As I questioned why I was watching any of this superfluous coverage, roommate Dan asked whether I wanted to play tennis. The public rec center is always overcrowded, but he theorized that Super Bowl Sunday might keep more people indoors. Dan’s prediction was correct and it was fun to fight the couch potato attitude of the day. I felt like an athletic stud, or at least as much of one as someone playing a preppy, non-physical-contact sport can.
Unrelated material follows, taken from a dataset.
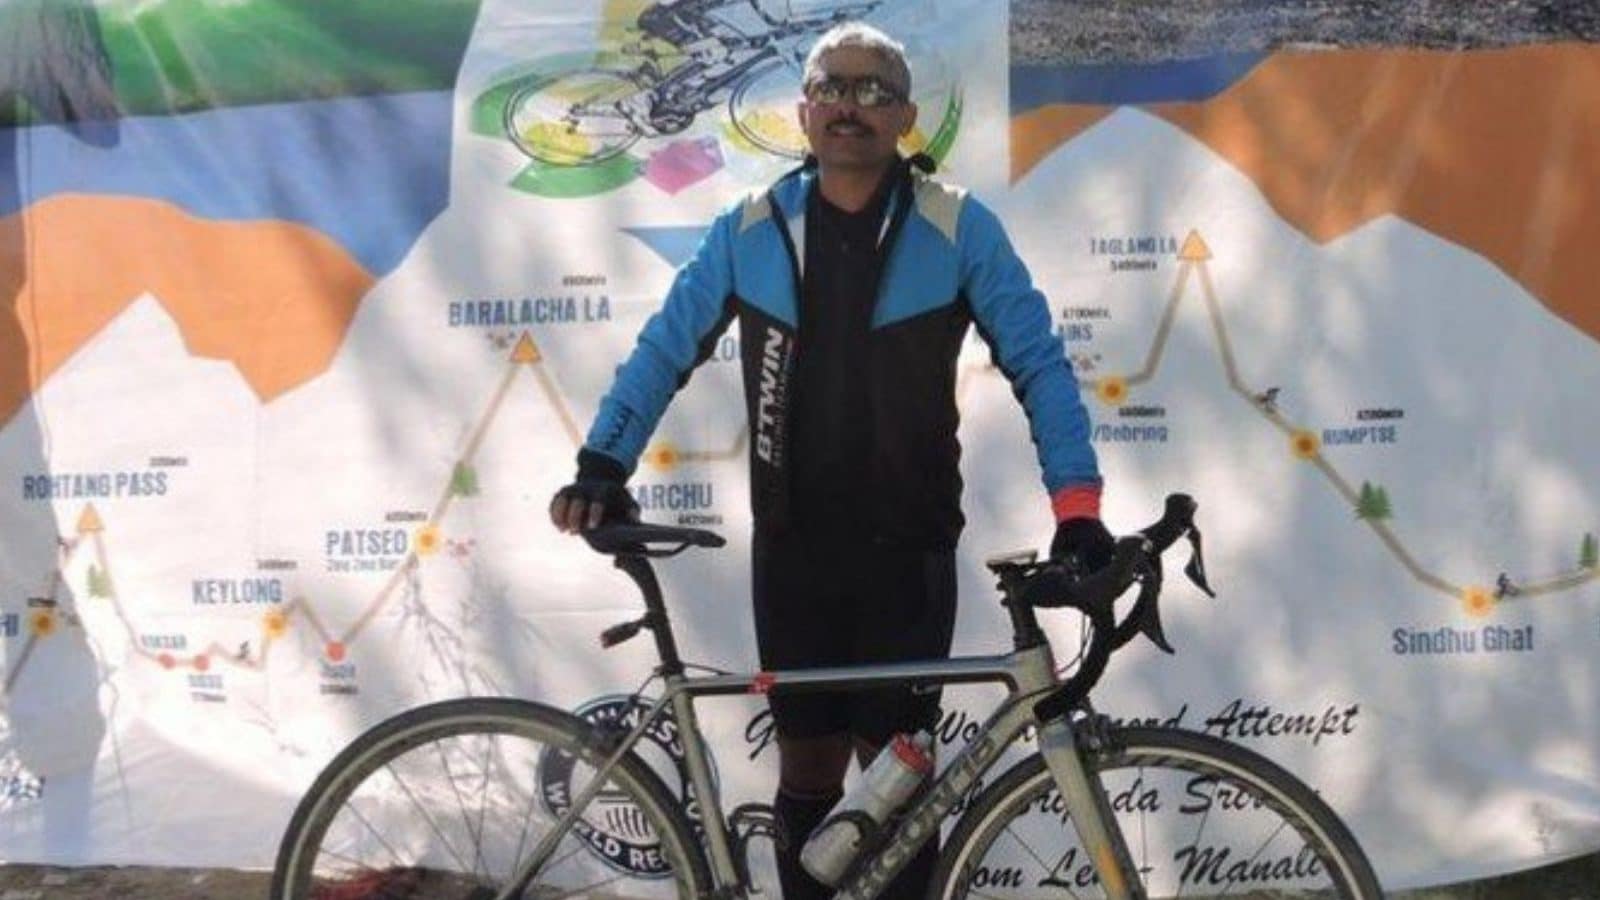 Army officer Sripada Sriram sets Guinness record for ‘fastest solo cycling’ from Leh to Manali

On our walk back home, we talked about ordering a pizza and I moaned that I just wished there was a way we could get free food. In college, the best part of the Super Bowl was that different clubs would sponsor barbeques and you could eat for free all day. As if on cue, we passed a building that I had always believed to be the local teen center and an older lady stopped us. “Do you want to come in and watch the Super Bowl?” she asked. “We have pizza and nachos and a large screen TV.” We stammered for a bit, ultimately committing only to perhaps coming back after changing.
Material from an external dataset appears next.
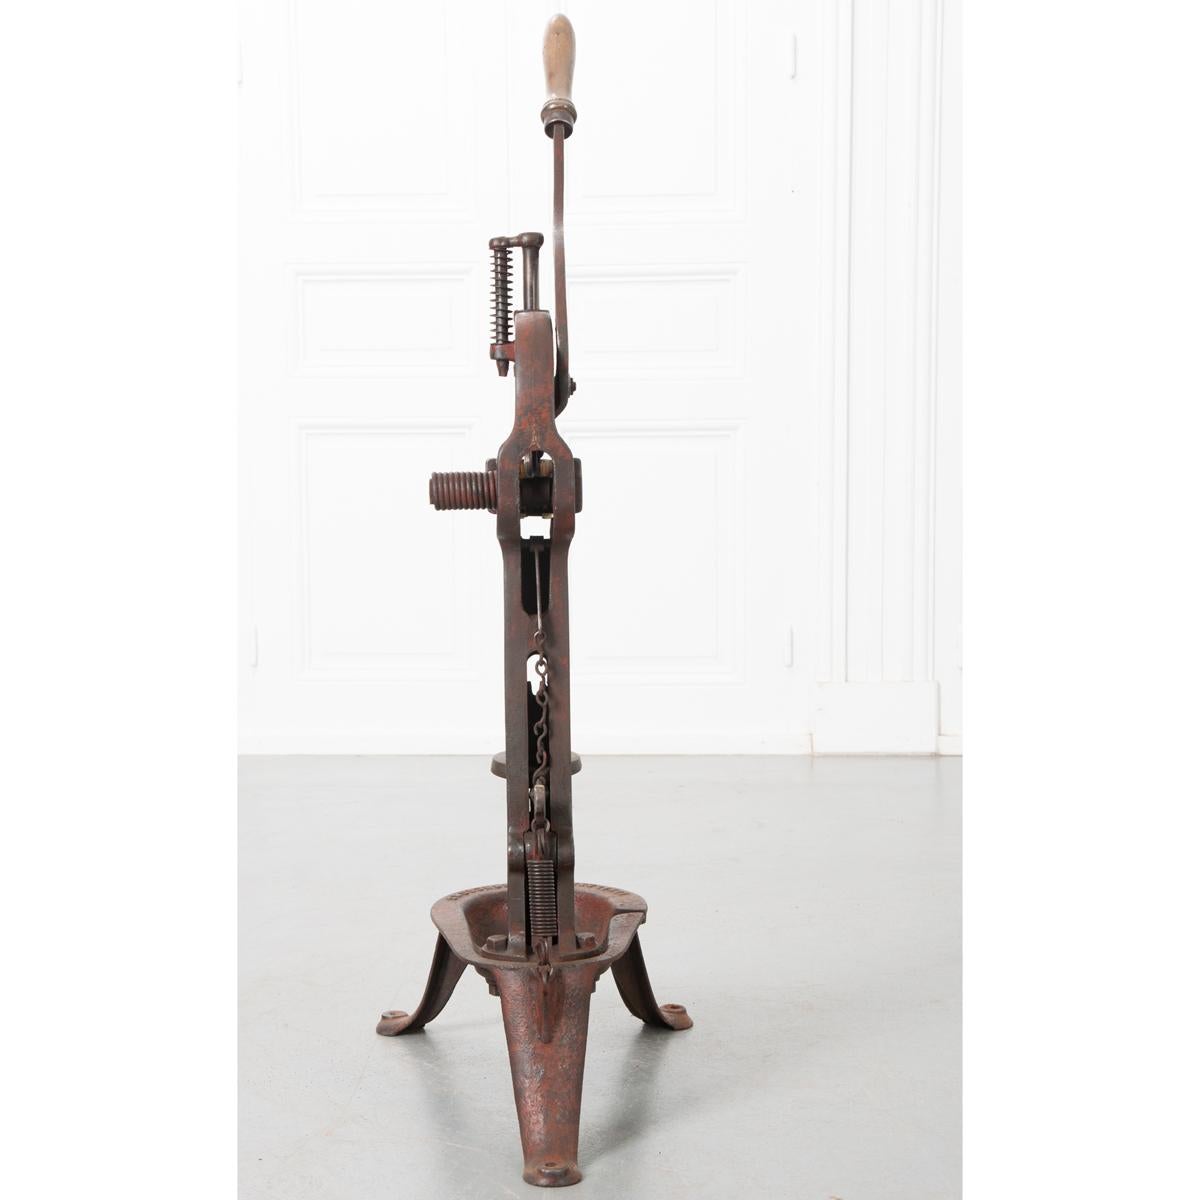 This unique apparatus has a lot to do with the history and shaping of French history and culture: the wine bottle corker. Made of iron around 1890, was used in a winery in Bordeaux. On one side is printed “LA MEILLEUAE B” and also B.F Paris. The

Do we look like teenagers? Does she think we’re teenagers? I’ve taught teenagers, so I should hope I don’t look like one. We pondered this for a few minutes as we decided whether to return for the free food. I wondered if maybe it wasn’t a teen-specific event and open to everyone and did an internet search to confirm. What I found was that the building was called a Community Center, not a Teen Center! “We’re part of the community!” I exclaimed, still clearly wanting free food. We felt better about the situation; obviously that older woman had recognized our correct ages and had extended us a legitimate invitation. We discussed bringing some beer to share, but decided to just be takers in this instance.

On our walk over, we discussed worst-case scenarios: gross cheap pizza, lots of kids, and it not being a large-screen TV. This was supposed to be just funny speculation.
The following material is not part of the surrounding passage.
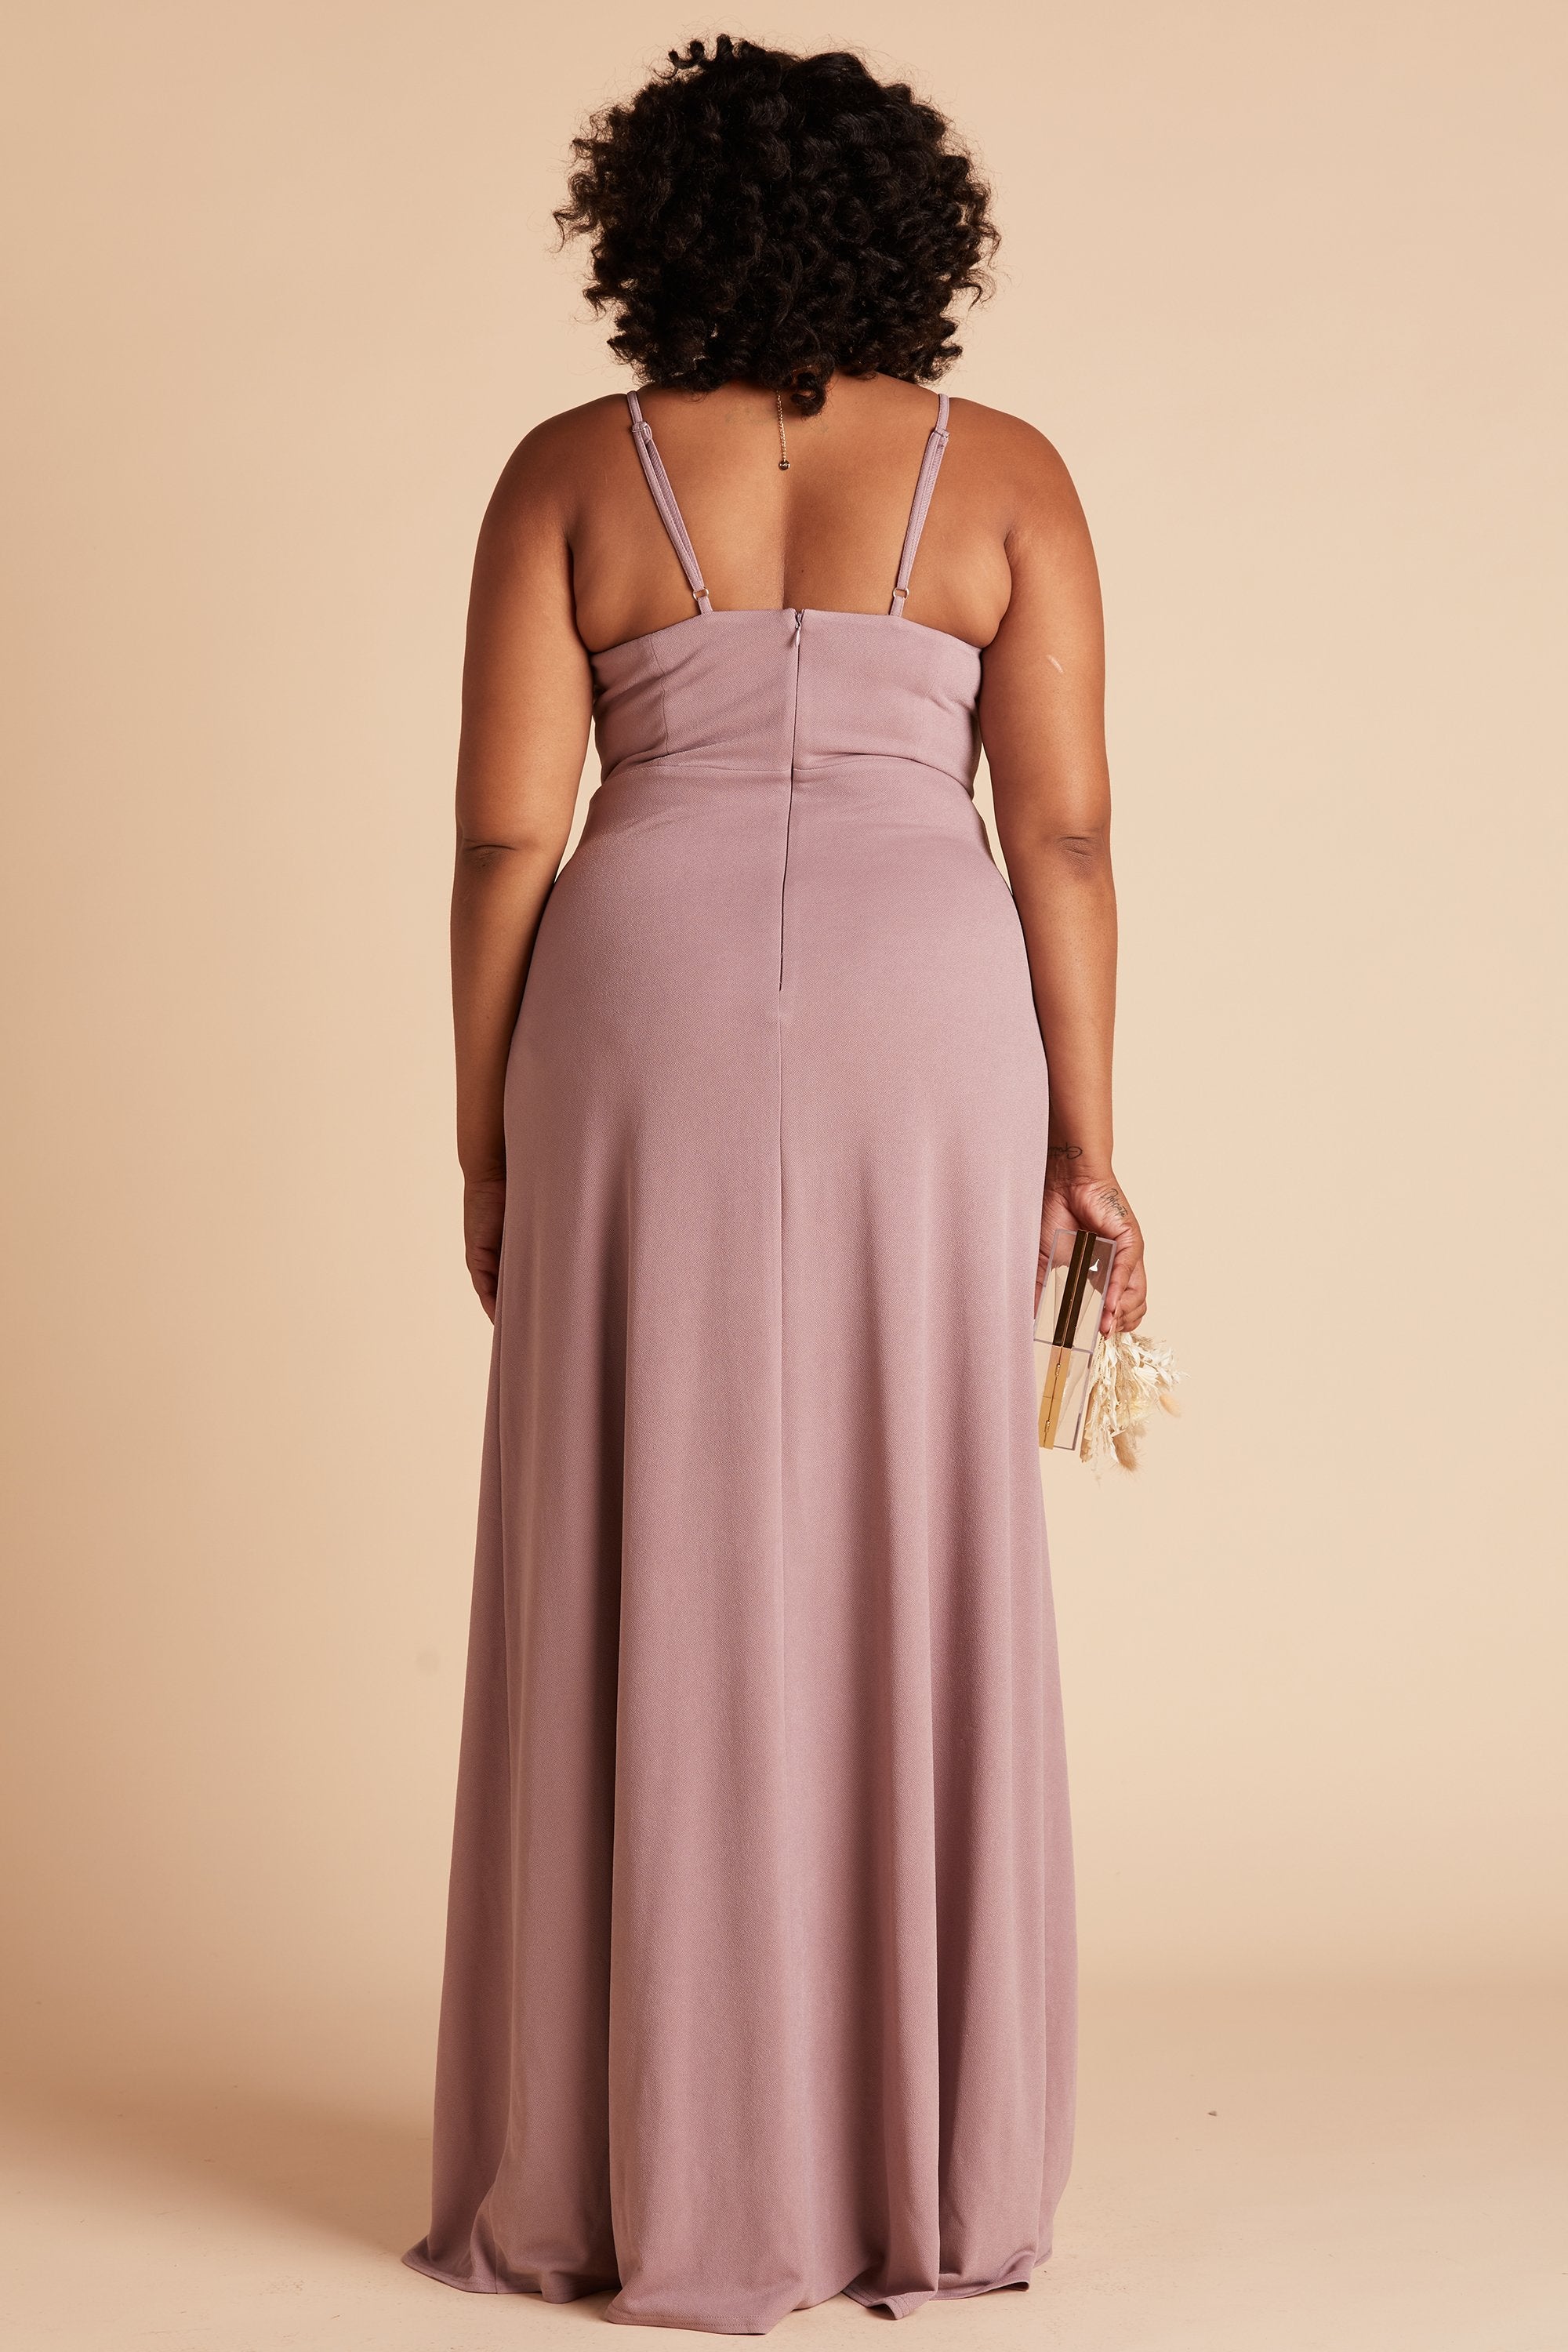 Ash plus size bridesmaid dress in dark mauve crepe by Birdy Grey, back view

When we arrived, Dan peered in through the door and tried to signal for us to abort (sorry, Tim Tebow), but I had already greeted the older woman who led us inside.

This was not a Community Center -- this was a Teen Center.

If the placard stating the fact were not enough, the posters about not bullying, the computers in the corner with signs about limiting your MySpace time, and the room full of teenagers would have probably tipped us off.

Unsure of how to back out, we sat amongst the group of teenagers and a Reverend, who kept encouraging us to eat. I mean, that’s what we were there for, but it’s surprising the appetite a couple of guys in their mid-twenties can lose when they realize they’ve acidentally crashed a teen center party. Our worst-case scenario was unfolding: there wasn’t even a TV, instead the game was being projected with a large yet grainy picture. Plus, the pizza was just cheap HAR. I think our presence kind of distracted the kids from the game; I’m sure they were thinking, “What are these old dudes doing here?” for which I do not blame do them, as I would think the same in their position.

In a very awkward fashion, we sat quietly for the entire second quarter with our new teen friends, occasionally muttering things to each other about how we’d end up on some pervert lists for showing up here and how glad we were that we hadn’t decided to bring beer to the event. We also tried to plot an escape that wouldn’t seem too rude, before deciding that the best exit was just a simple exit where we said good-bye and thanks. Of course, I had to foul up the plan by tripping on the cord that was operating the projector. Fortunately, I didn’t break or unplug anything, but I did cause a big scene, which provoked the teens to laugh, so I was feeling my ALL-TIME COOLEST at that moment.

Arriving home, we wasted no time cracking open some adult beverages, just in time to watch The Who decompose on the halftime show. Seriously, CBS, if you were that desperate to promote CSI, perhaps you should have just invited the respective casts to sing on stage. As for the second half of the game… whatever. It was good, but I kept changing my allegiance to root for the team that was losing. It seemed like a fun plan, but it was one that was going to end in almost certain disappointment, unless one team scored in the last possible second.

I’ll be a better football fan next year, guys. Meet you at the Teen Center!